The genetic mutation, known as Crumbs homolog 1 (CRB1), is associated with eye diseases such as Leber congenital amaurosis (LCA) and retinitis pigmentosa (RP), which are leading causes of inherited blindness.
The mutation, found in 10% of LCA cases and 7% of RP cases globally, compromises the body’s defenses, allowing harmful bacteria from the gut to enter the eye and trigger blindness.
The research, conducted using mouse models, revealed that the CRB1 gene plays a crucial role in maintaining the integrity of the gastrointestinal tract, preventing the passage of harmful bacteria from the gut into the body. However, when the gene is mutated, barriers in both the gut and the eye are compromised, leading to bacterial infiltration and sight loss.

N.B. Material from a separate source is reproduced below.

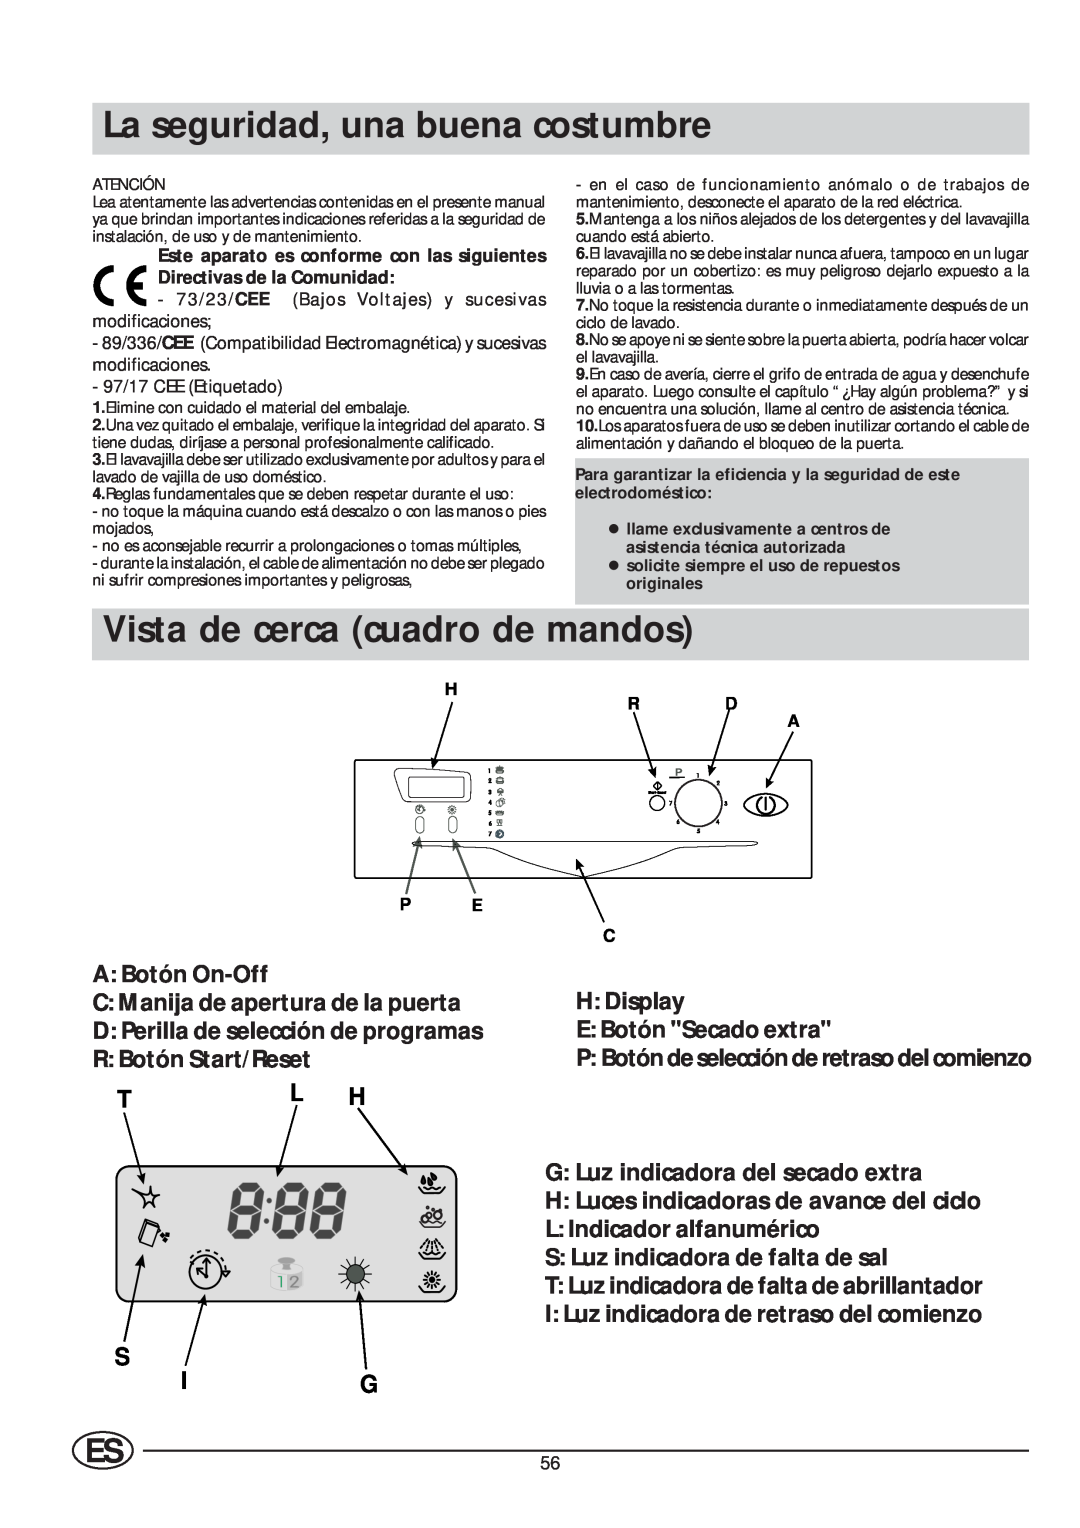 Indesit IDE 45 manual La seguridad, una buena costumbre, Vista de cerca cuadro de mandos, Tl H, S Ig 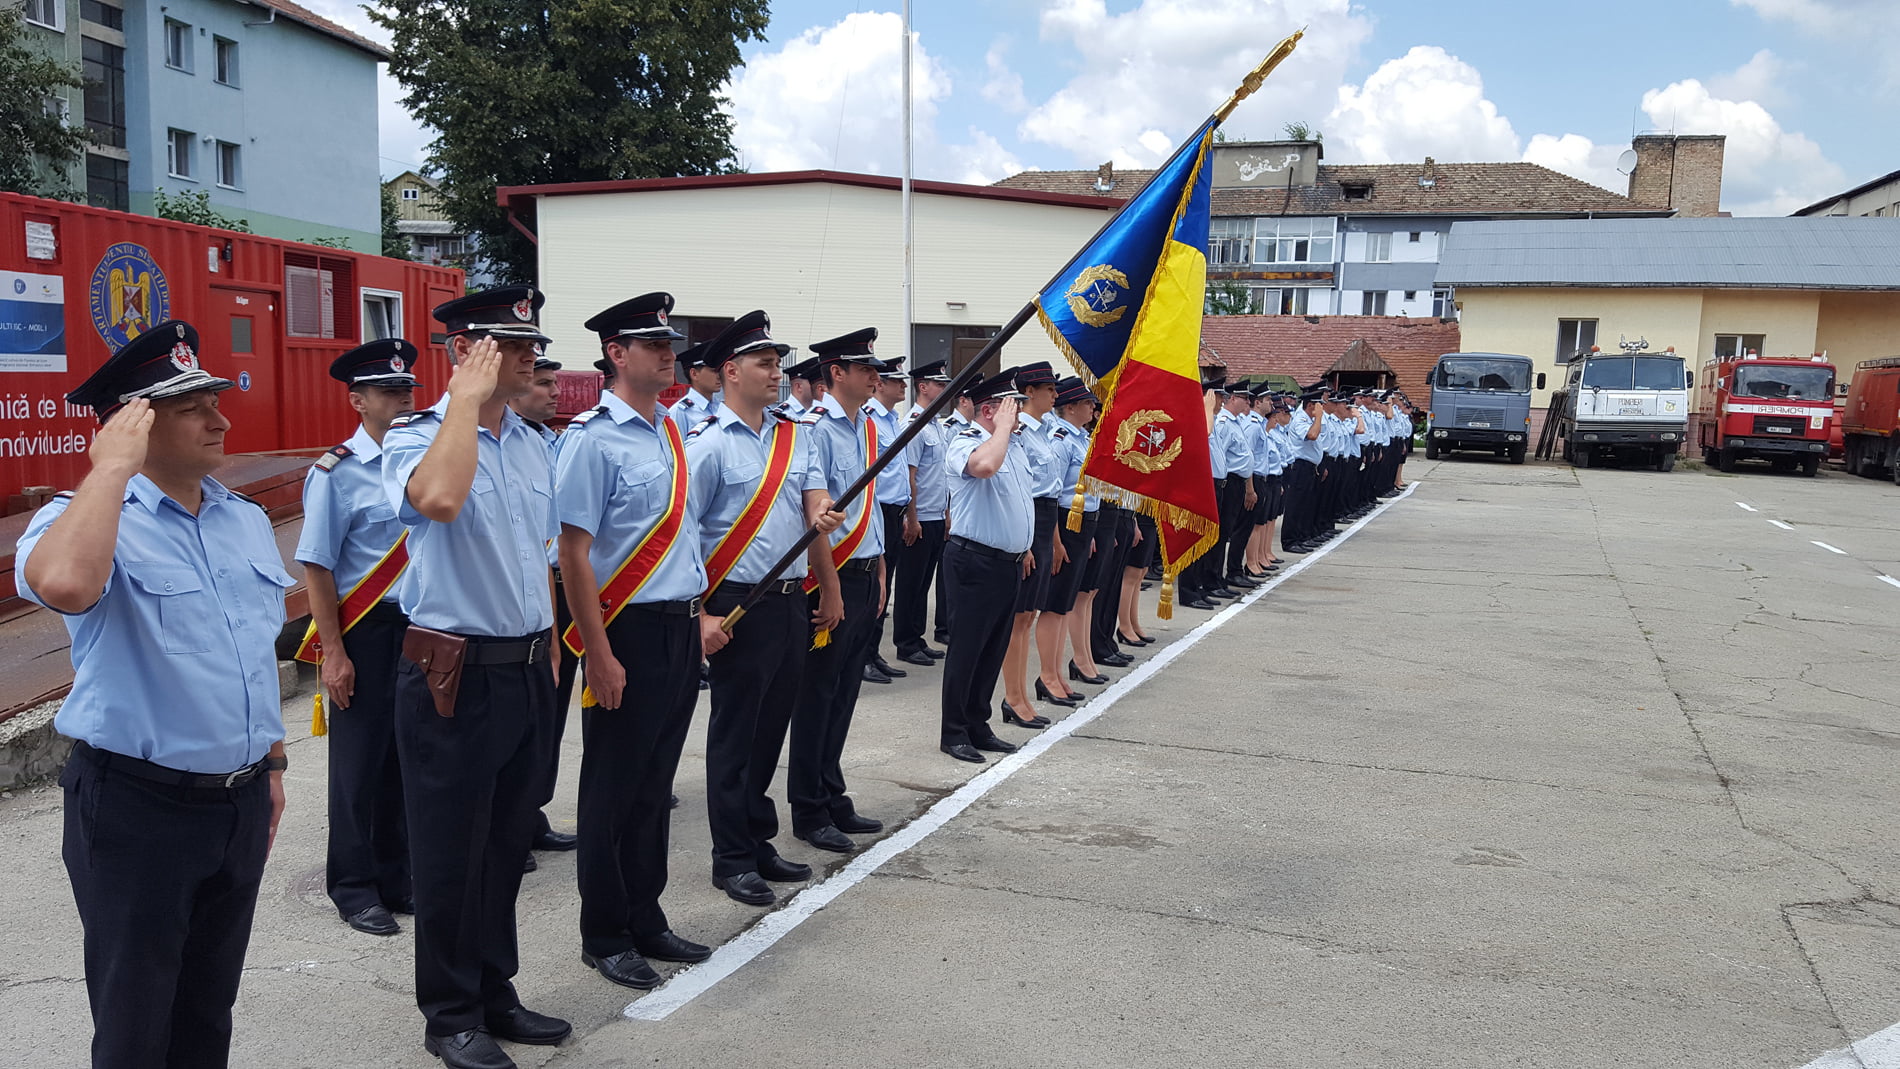 Pompieri din cadrul ISU Neamț, decorați și avansați în grad

Interestingly, treating the bacteria with antimicrobial agents like antibiotics prevented sight loss in the mice, indicating a potential avenue for treatment.
“Our findings could have huge implications for transforming treatment for CRB1-associated eye diseases. We hope to continue this research in clinical studies to confirm if this mechanism is indeed the cause of blindness in people, and whether treatments targeting bacteria could prevent blindness,” said Professor Richard Lee from University College London, Institute of Ophthalmology, and a co-lead author of the study.
Further research will explore whether these findings apply to humans and if targeting gut bacteria could prevent blindness in affected individuals.